I first met Lucy on a train travelling to her aunt’s. Not me, I wasn’t travelling there, she was – I didn’t know her aunt, I was going home. It was the Easter holidays you see, and I was going to stay with my dad out in the country. He’s got a whacking great house with a river running along the bottom of the back garden and a meadow beyond that which is perfect for playing football and sunbathing. Anyway, back to Lucy… she was a bright, wild-looking girl with ragged, shocking red hair and green eyes that flashed like traffic lights whenever a good idea struck her. She told me that this happened a lot, good ideas seemed to rain down on Lucy Housestairs a bit like raindrops on the rest of us on a wet Friday. Funnily enough it was actually a Friday when I met her. Not wet though, a beautifully mild spring evening in early April. We sat opposite each other in a plush blue and white railway carriage.

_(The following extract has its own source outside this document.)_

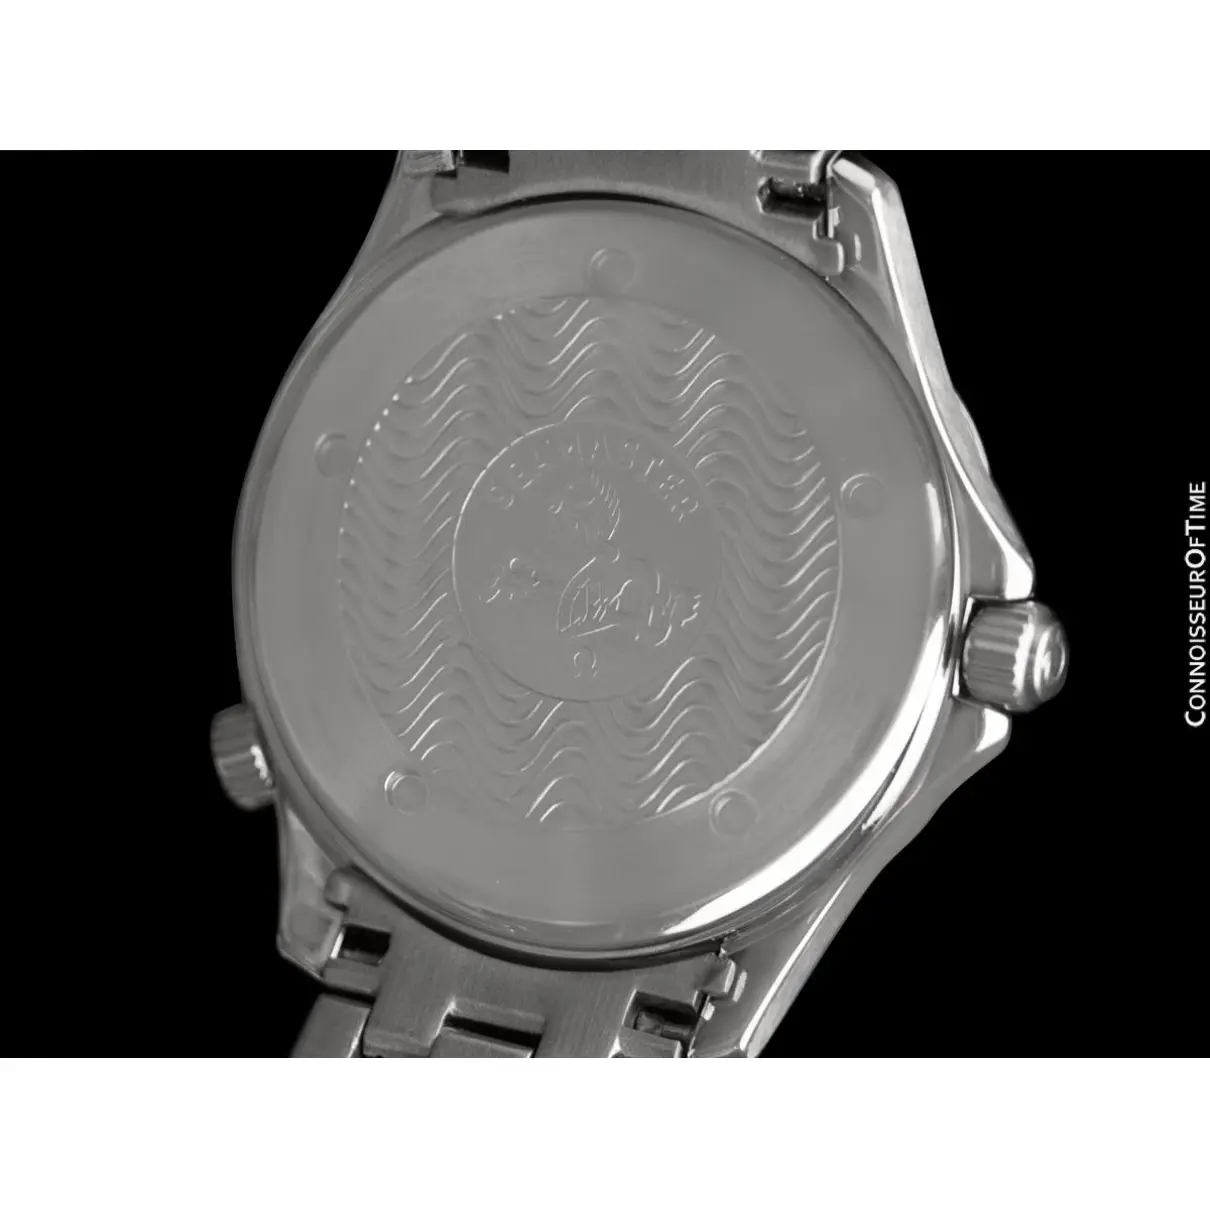 Buy Omega Seamaster 300 Chronographe watch online

The old fashioned kind where you had your own compartment, with a sliding door on one side that led out onto a corridor, and an exit door on the other. Pretty posh really, except for the old Coke can we could hear rolling about under the seats, rattle rattle. It never seemed to stop for longer than a minute and it punctuated our conversation at regular intervals. It was Lucy who began the conversation, being a fairly quiet sort of guy myself I’m never one for diving into conversations with complete strangers. But not Lucy Housestairs, oh no, she waited until the train pulled out and I had this gleaming new paperback on my knee, (it was so new it still had the smell of the printers about it) then, just as I was thinking about getting into the book she waded in with her life story.

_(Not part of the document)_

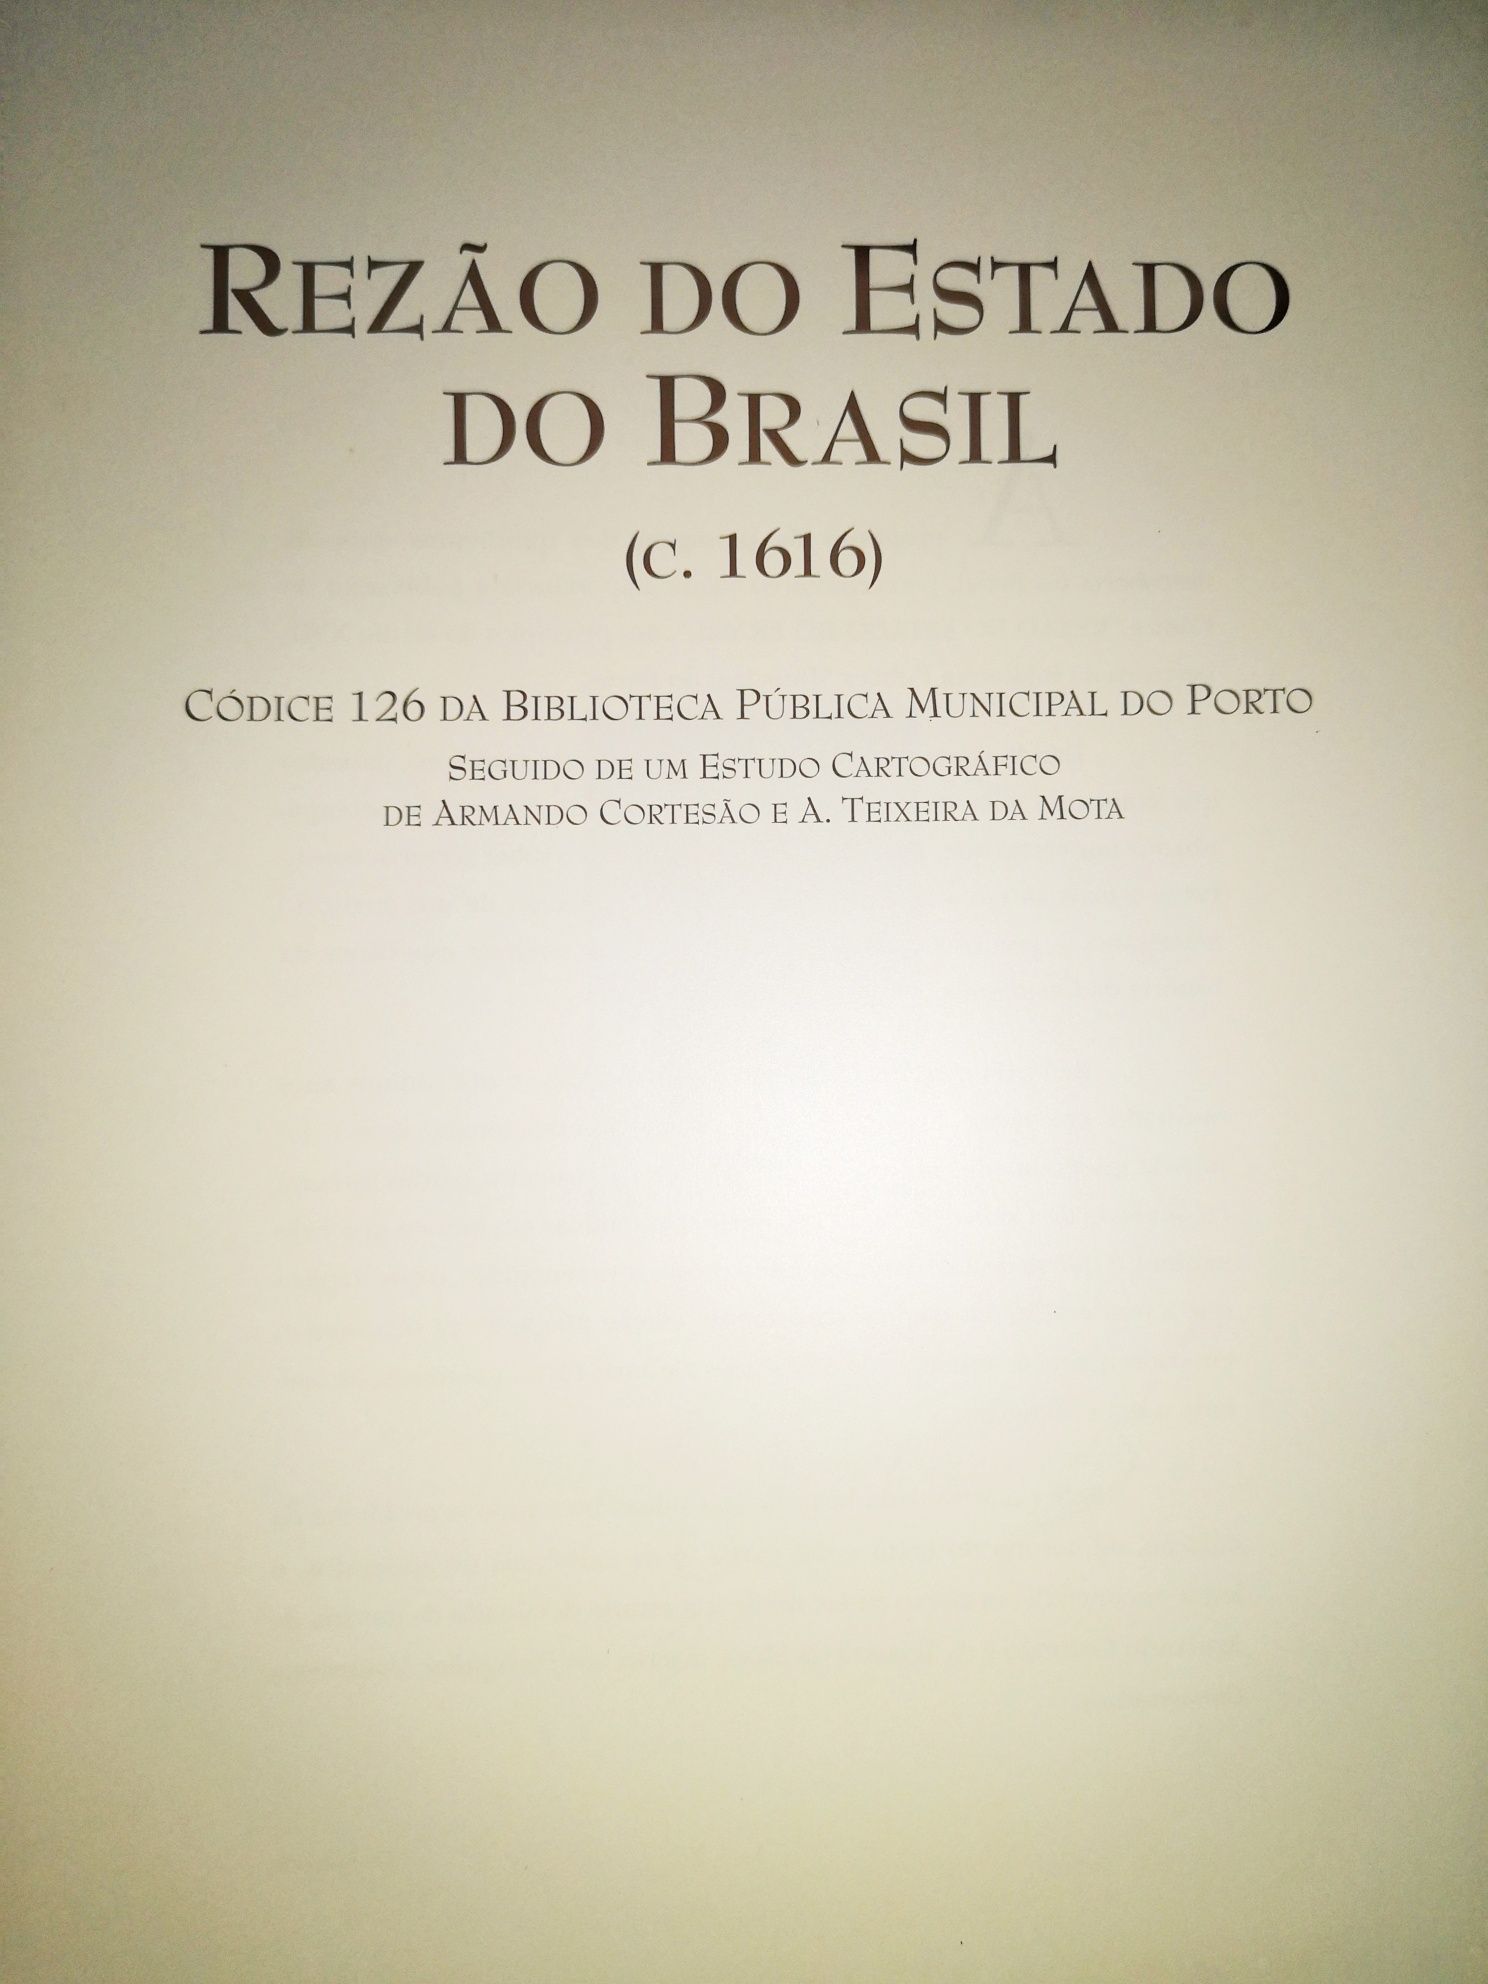 Rezão do estado do Brasil - História do Brasil - NOVO

She was twelve but said she had felt older all her life. Born in a large detached Georgian house somewhere away from the smoke and the traffic she had suddenly been thrust into normal bustling city life when the recession had forced her father to sell up and move closer into town. In a strange sort of way this had appealed to her. The streets may have been littered and crowded but where there were crowds there were people. And where there were people there were lots of opportunities. Lucy knew from day one, so she told me, that she wanted to be an agent. Not for a catalogue or Tupperware. Oh no. She wanted to be a spy. Her mother had died when she had been only nine and, old before her time she had done her best to look after the house and her father, in between a frantic school life. At the time she met me she was considering dying her hair green and having her nose pierced, but she was acutely aware of peer pressure and didn’t want to be seen to be merely conforming. She asked my advice on this and all I could think of in reply was to say that she’d probably need an awful lot of hair dye to mask her natural colour. She considered this then laughed. Then she told me the most extraordinary of stories.

Three weeks previously her school had burnt down in a freak accident. Well, in Lucy’s words it had been barbecued. Talking of Lucy words, she had several of her own peculiar phrases; at least they were peculiar to me. Boys were generally referred to as twollops, seriously good things were seen as wellcrickle and anything bad was known as stumdugg. In Lucy’s world girls were most often wellcrickle, while the male of the species was all too frequently seen as stumdugg. Extremely stumdugg in fact.

“Well, no one knows what happened,” Lucy said as she told me about the fire. “But we all had our own ideas, I mean, Mrs. Claverham, the head, she told everyone it was the electrics, but I reckon it was spontaneous combustion myself, either that or gun smugglers. Stoogie told me about them. They’re well stumdugg.”
Stoogie was Lucy’s cousin and not the person you’d most like to meet at midnight in a dark alley if you were all on your own and carrying a lot of money in your back pocket.
“Stoogie’s not a criminal or anything,’ she said, ‘he’s just a major twollop. I mean, a premier league twollop. Why can’t boys be like girls?”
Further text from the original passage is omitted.